When the seasons changed around here and summer announced itself by its longer days and warm light and pungent earth smells, I ran to the nurseries like so many of my neighbors and bought some hanging flowers.

I was starved for color and the spring blooms popping up on porches and decks planted their seeds in my winter brain and sent me on my own summer migration.

I bought three beautiful hanging baskets of petunias and stopped at the hardware store in town and bought hooks which I screwed in to the wood of my porch and hung the three lush and lovely colorful plants.

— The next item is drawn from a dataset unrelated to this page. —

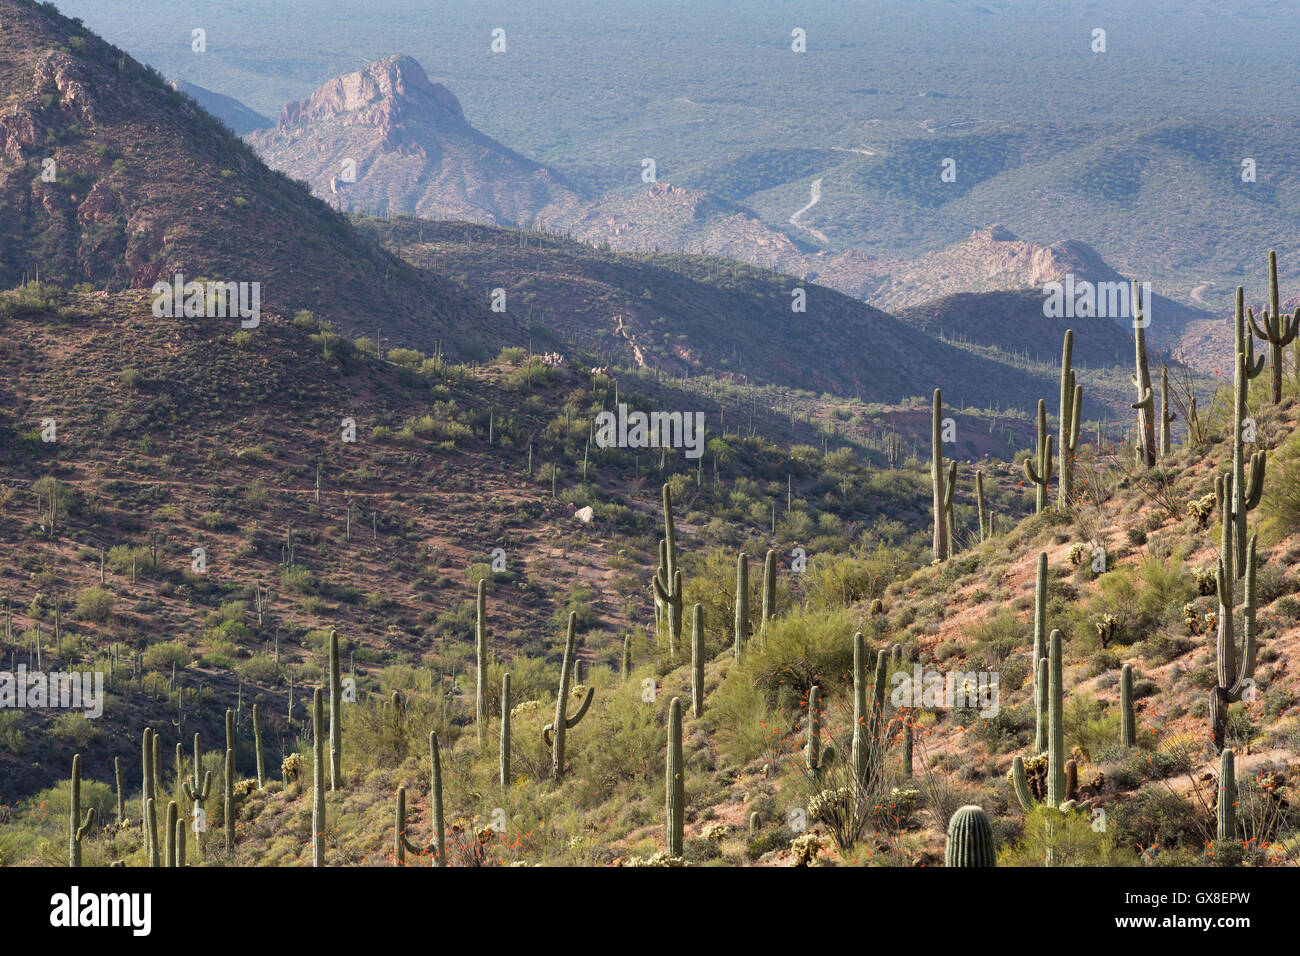 Saguaro-couverts des montagnes du désert autour de la Gila River Canyons de se stabiliser dans la distance. Gila River Canyons, Arizona Banque D'Images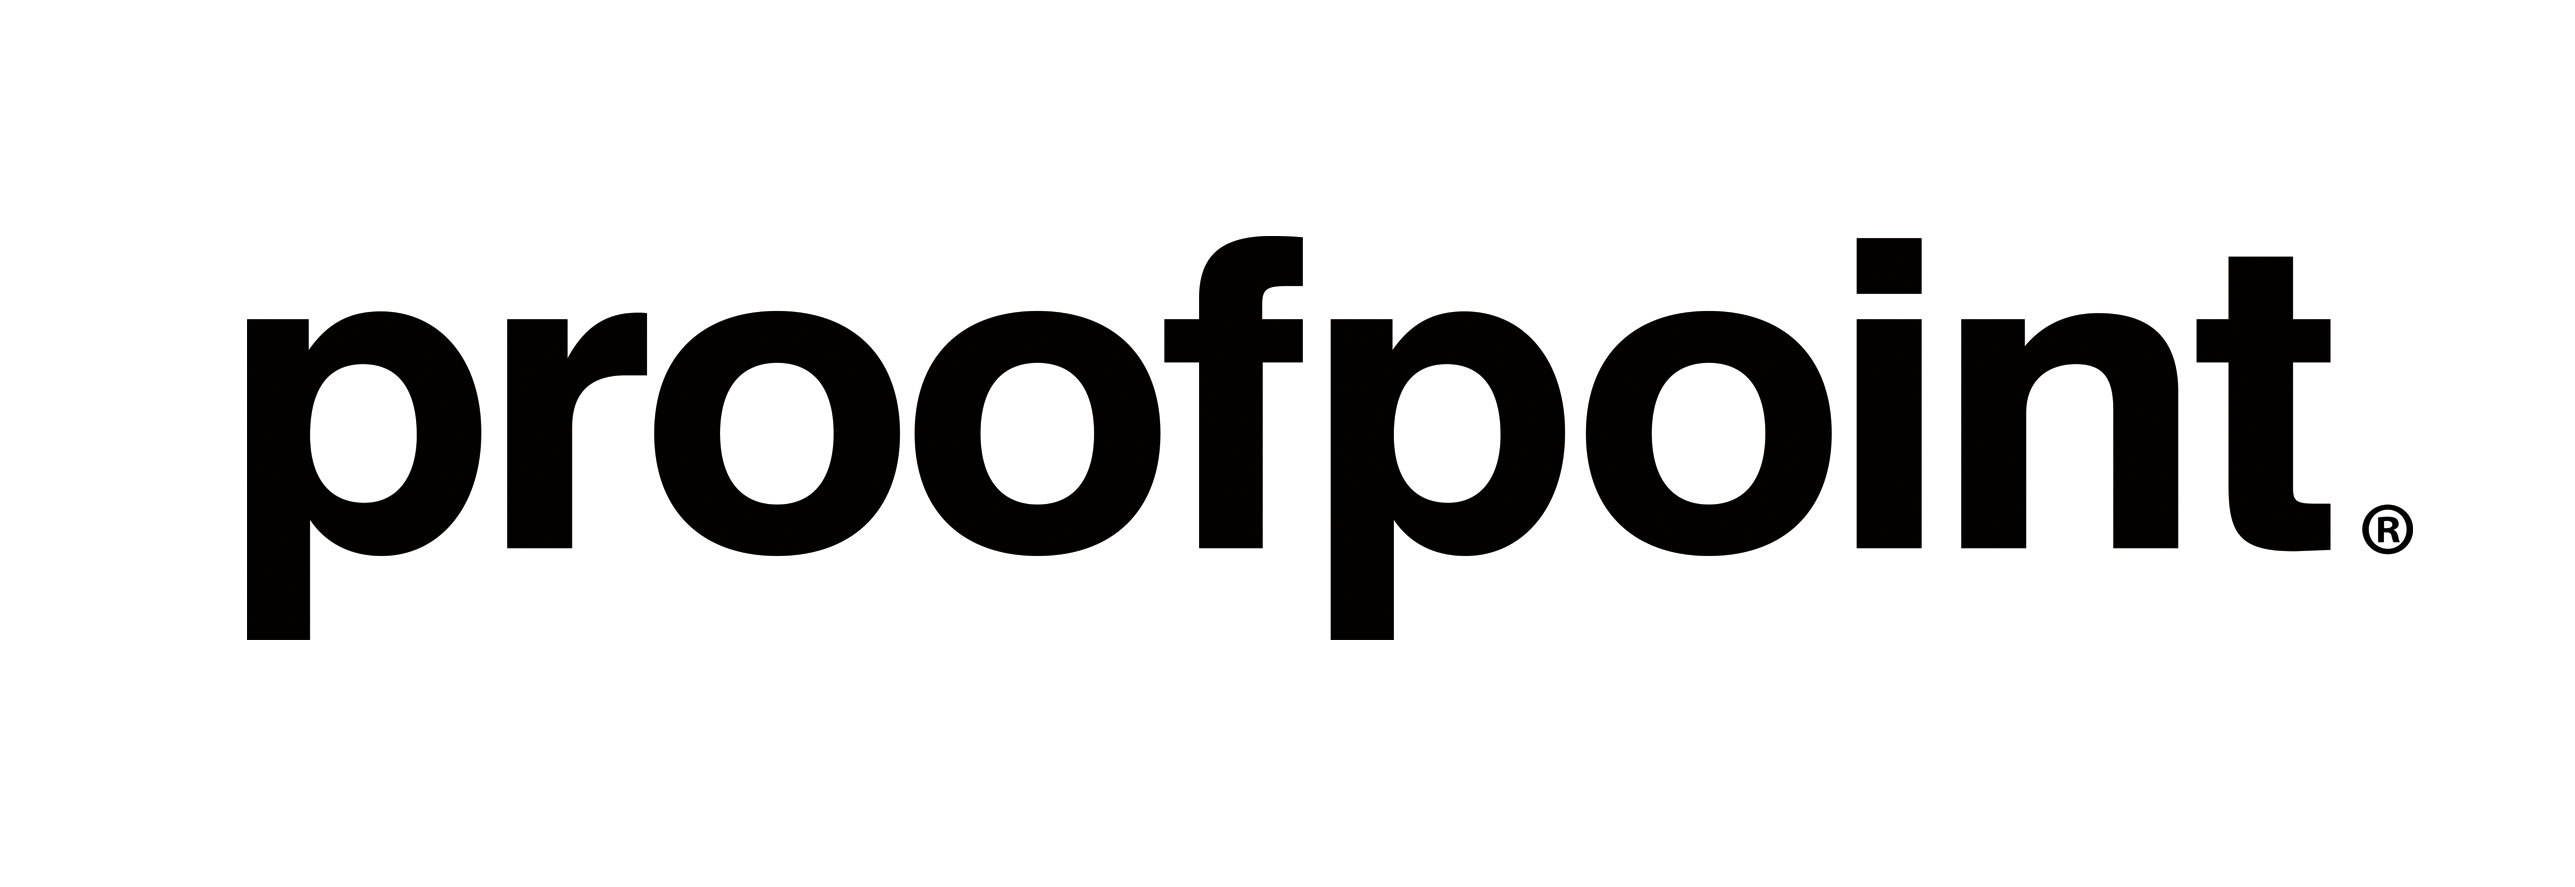 Wombat_logo

I bought a cute little watering can and some Miracle Gro. I was ready to turn my black thumb green. These plants were going to live and thrive dammit.

Sadly, my determination was to no avail. My porch faces east and is shaded by tall beautiful oak trees. I actually love the shade for the temperature, my house usually stays cool and comfortable on all but the hottest days, but it doesn’t help with plants that  need a lot of sunlight.

Petunias happen to be in that category. All my care and regular watering did nothing. Those 3 plants died quickly; one day I looked at my porch and saw three dead plants swaying in the gentle breeze.

I thought briefly of Morticia from the Addams Family who cut off the roses and arranged the thorny stems artfully in a vase. That was what was going on here.

I took down the corpses and returned them to the earth from whence they came. RIP Petunias.

I was discouraged and angry; like I could force a plant to bloom because I wanted it to. Talk about hubris.

I came around and thought ok time for Round Two. This time I went to a little nursery I found right outside Arlington. I met Meg a young woman with an affable Boxer mix and we had a discussion about what plants grow well in the shade. She steered me to a beautiful begonia and a trailing vinelike plant whose name I don’t know but I loved because it looked graceful to me.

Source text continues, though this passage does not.